- _Your objective_: The required answer is an exact copy of the lines from the one containing "Voyage à pied" to the end of the listing, both included, without any pictures.

- _Stored data_:
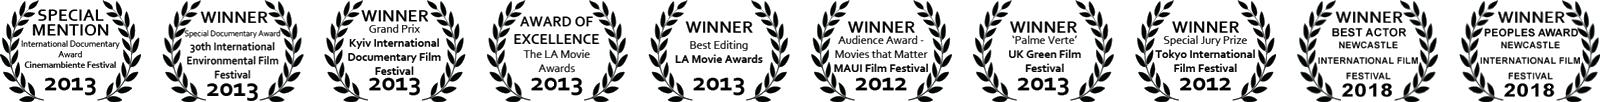 Film Awards for Blenheim Films independent film makers
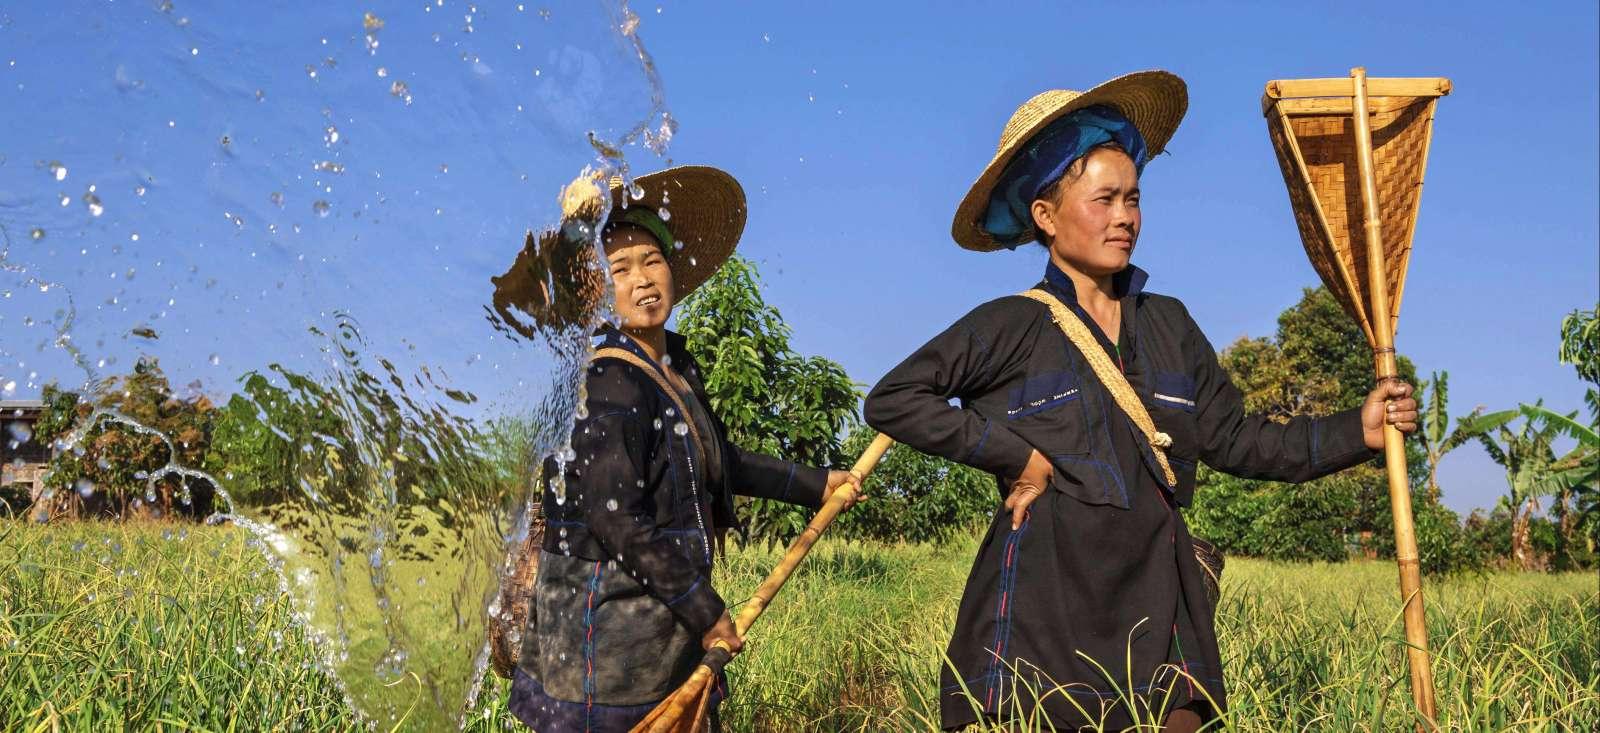 Voyage à pied : Randonnée en pays Shan +Extension Rocher d\'Or
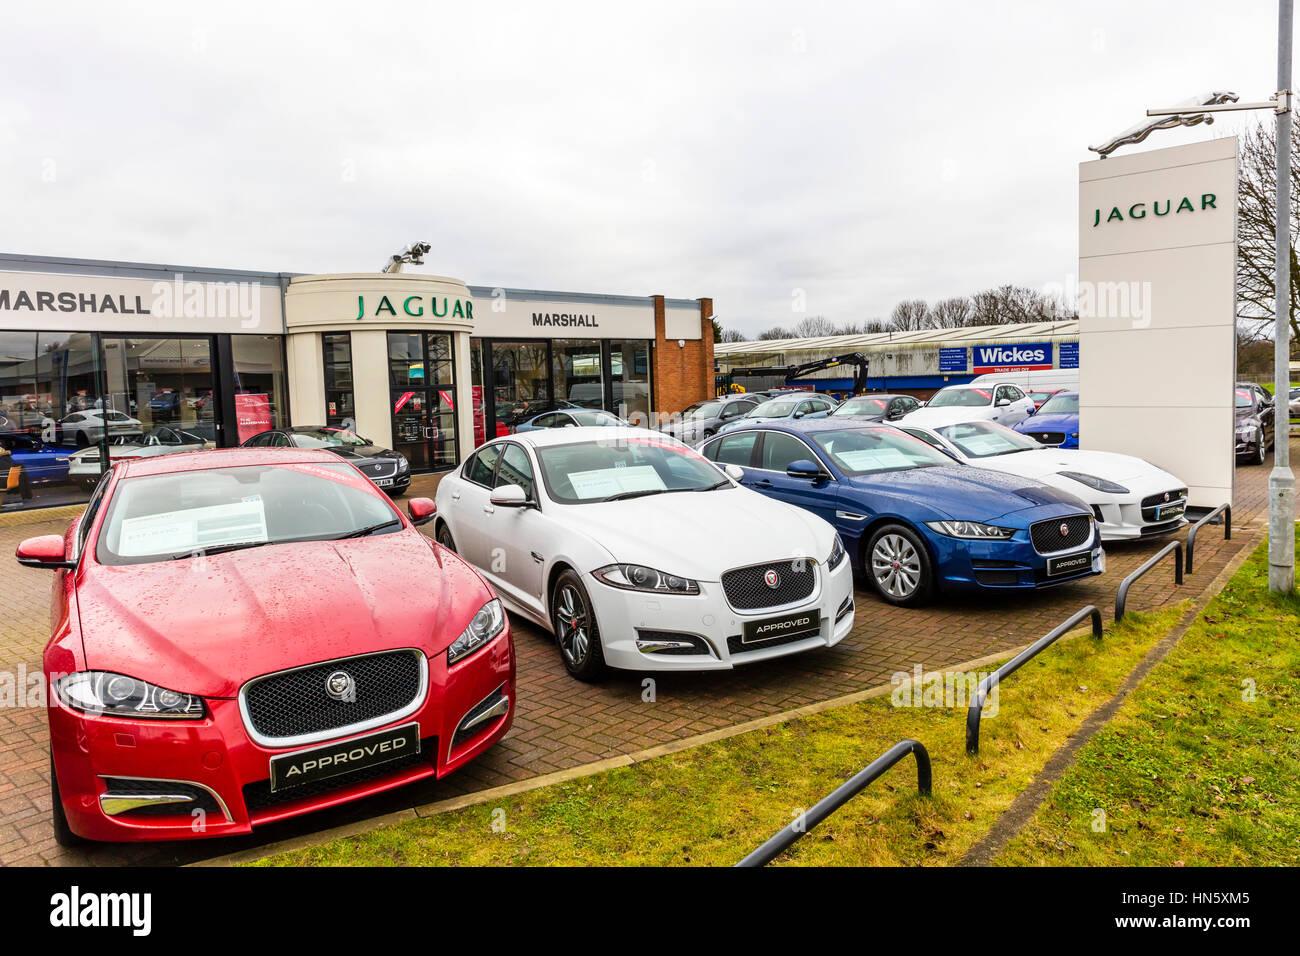 Jaguar car dealer dealership garage forecourt car sales selling cars ...
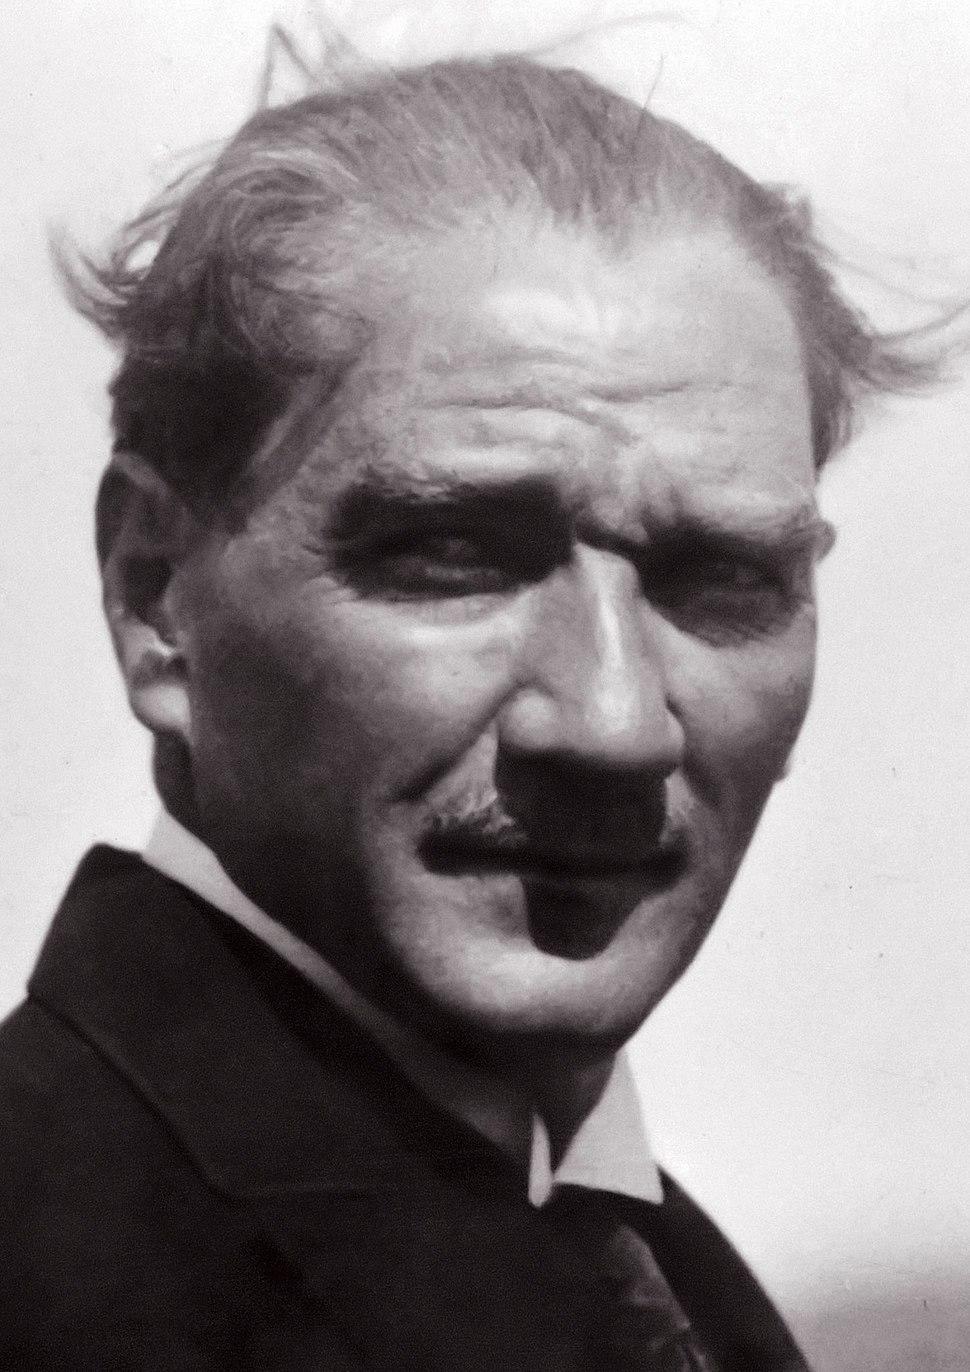 Atatürk 23 Eylül 1925'te Reşit Paşa Gemisi'nde

- _Result below_:
 Voyage à pied : Randonnée en pays Shan +Extension Rocher d\'Or
 Jaguar car dealer dealership garage forecourt car sales selling cars ...
 Atatürk 23 Eylül 1925'te Reşit Paşa Gemisi'nde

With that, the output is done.